Are you an inventor with a heart? Do you think what you invent should touch the everyday lives of people.

I do tend to think along those lines, but I'm not a do-gooder. So, don't get the impression that I am some sort of a holy child. But every product that I work on, I always try to make it a personal power or a free electricity source. I'm very interested in ecology, the third-world scenario, and disabled people. I think I was a very lucky boy. I have got more than most and it's payback time. Try and help other people bring their ideas to fruition, and if they can make a few bucks, and improve their own social circumstances by doing so, I will help.

Is that the idea behind the Trevor Baylis Foundation?

Yes. It is to be able to take a person's idea and make sure that when the money rolls in, that inventor is not rolled out. Simultaneously, give them a little bit of showtime if that's what they want and try and find the right manufacturers to make sure that the product is made properly and the inventor is not ripped off.

Is the foundation working exclusively in the UK?

No I would like it to be an international affair. I went to India three years ago with the British Council and I know just how inventive the Indians are. It's amazing. I was very impressed with the whole thing. In fact, I'd love to go over and see those guys again. I would like the foundation to work over there and help inventors get off the ground. If we can find some guys in India who are interested in backing the foundation it will be great. Remember, it's about the inventor, and not so much about the people who've put the money in. It's payback's about about people who have made their pile of money and believe that new people coming through should be given a break. And that's fundamentally what (the foundation) is about.
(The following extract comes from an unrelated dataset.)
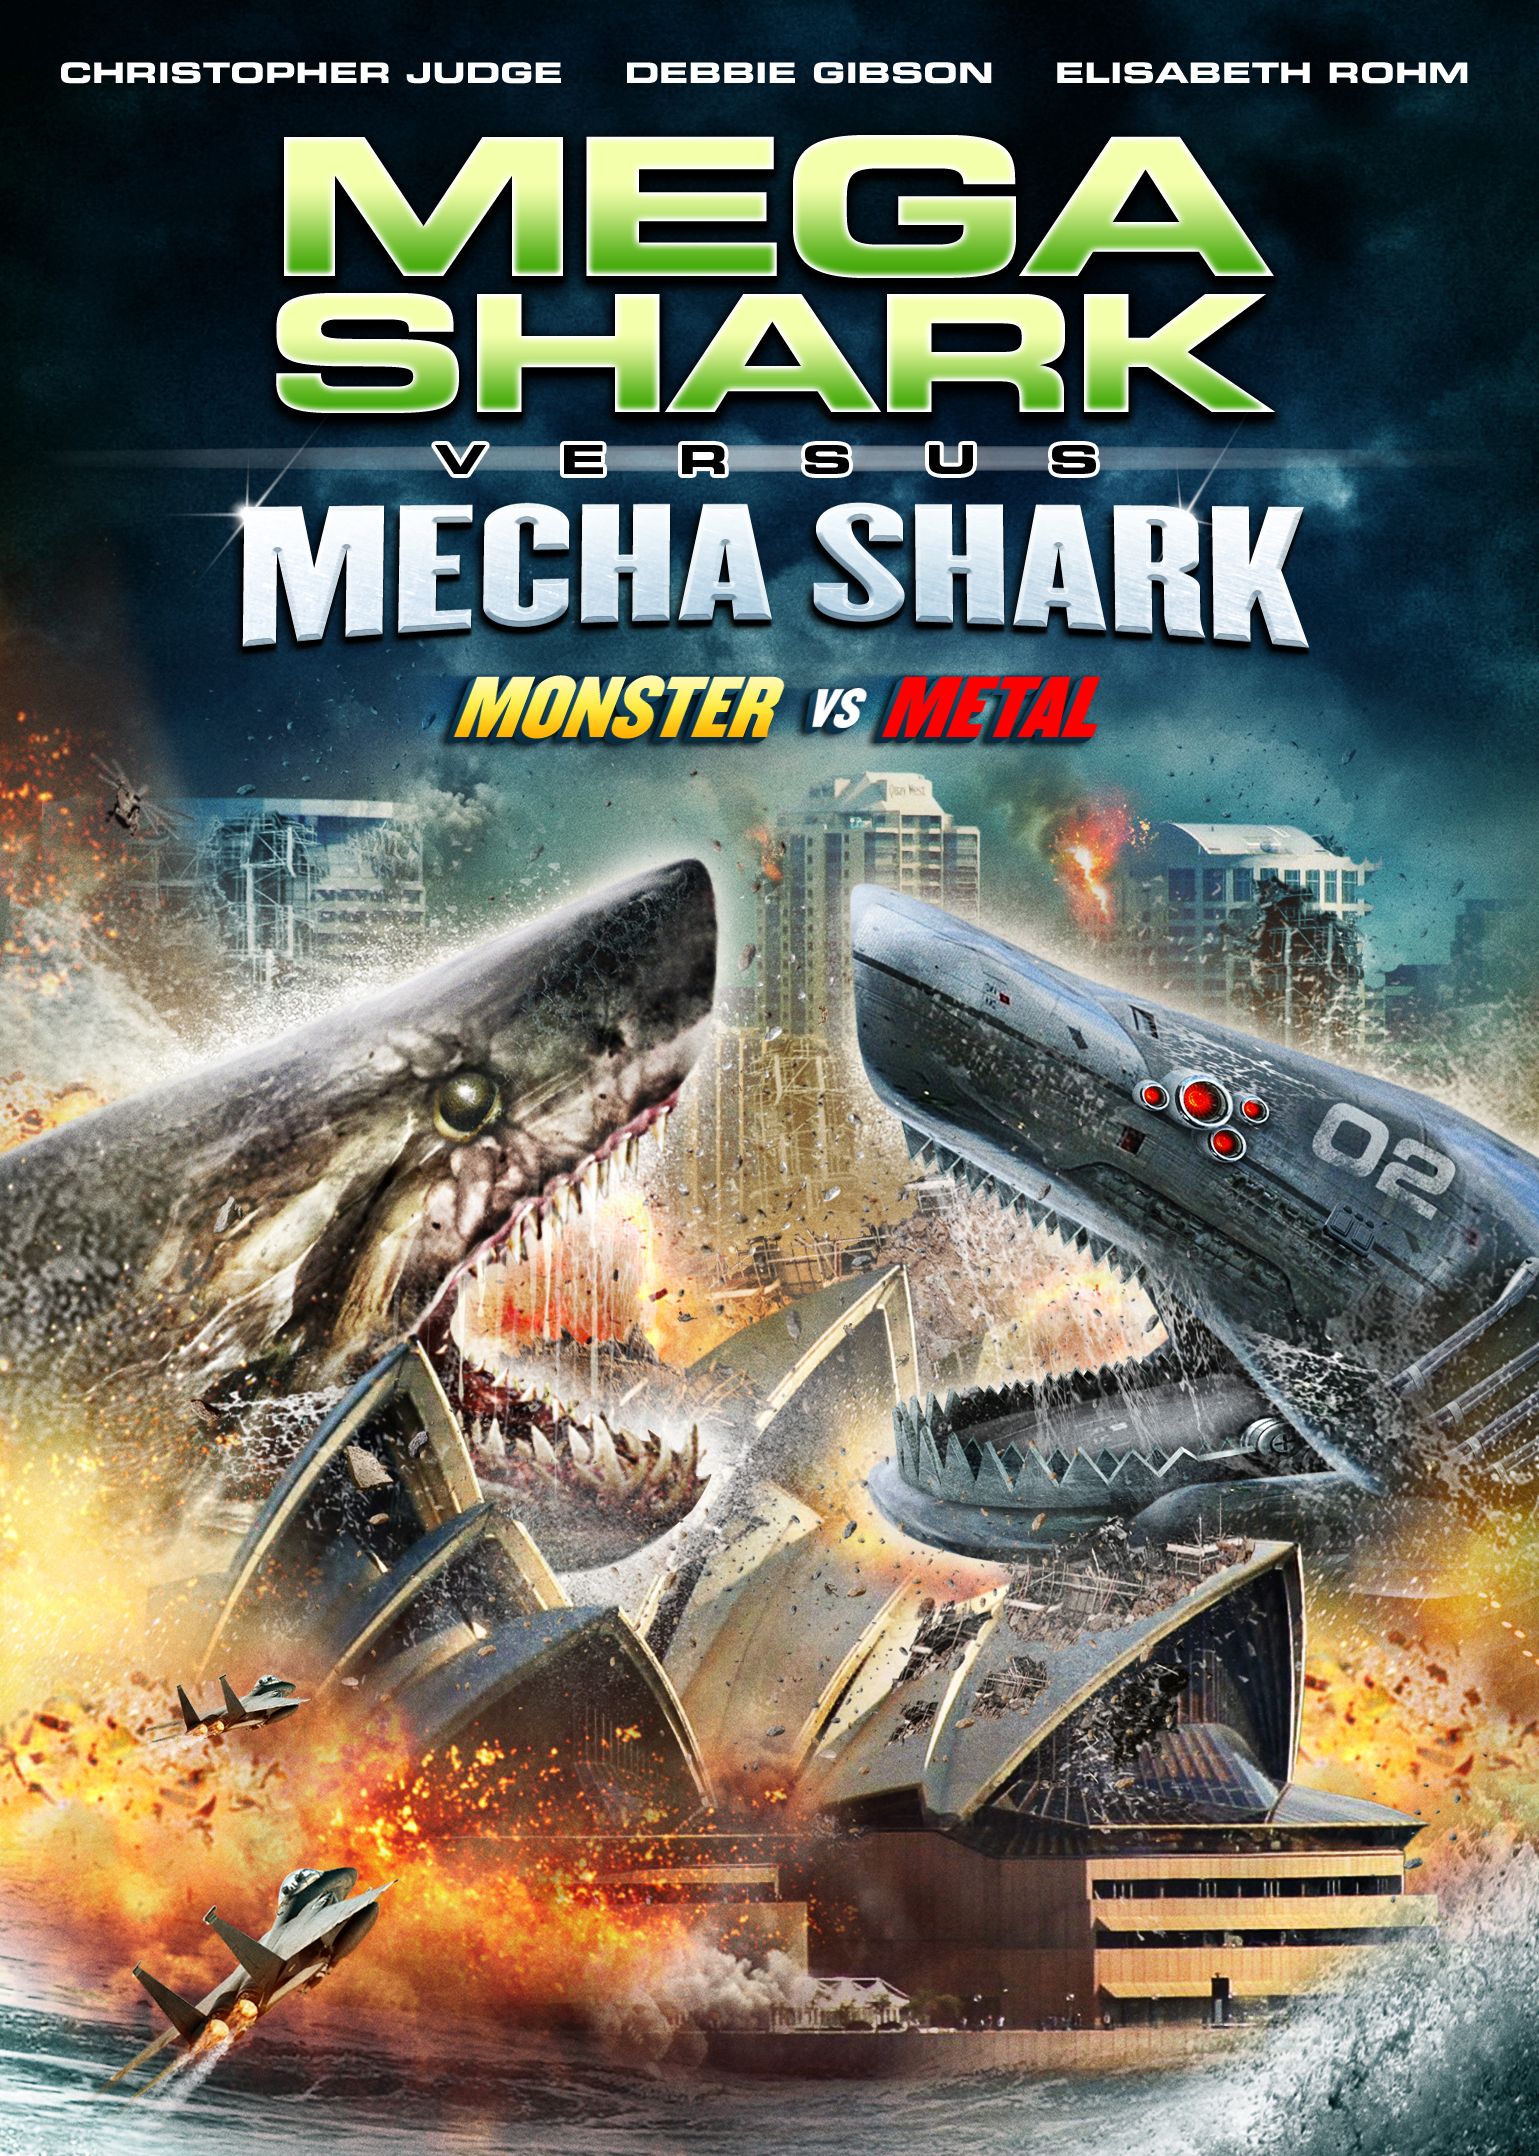 Mega Shark vs Mecha Shark (2014) Hindi Dubbed Movie

Do you have any regrets...of not having done enough or do you think you could have done things differently?

The biggest disappointment that I had was that I could not represent my country in the Olympic games in 1956. I was a backstroke swimmer. I worked so hard to get to Melbourne and I didn't make it. That is my biggest regret. It's a very competitive sport and I just wasn't quick enough on that day.

Any regrets on the inventions front?

It's frustrating at times when nobody takes up your invention, when you lack financial backers.

Is there any exciting new project you are working on?

Well, it is for me to know and for you to guess (laughs).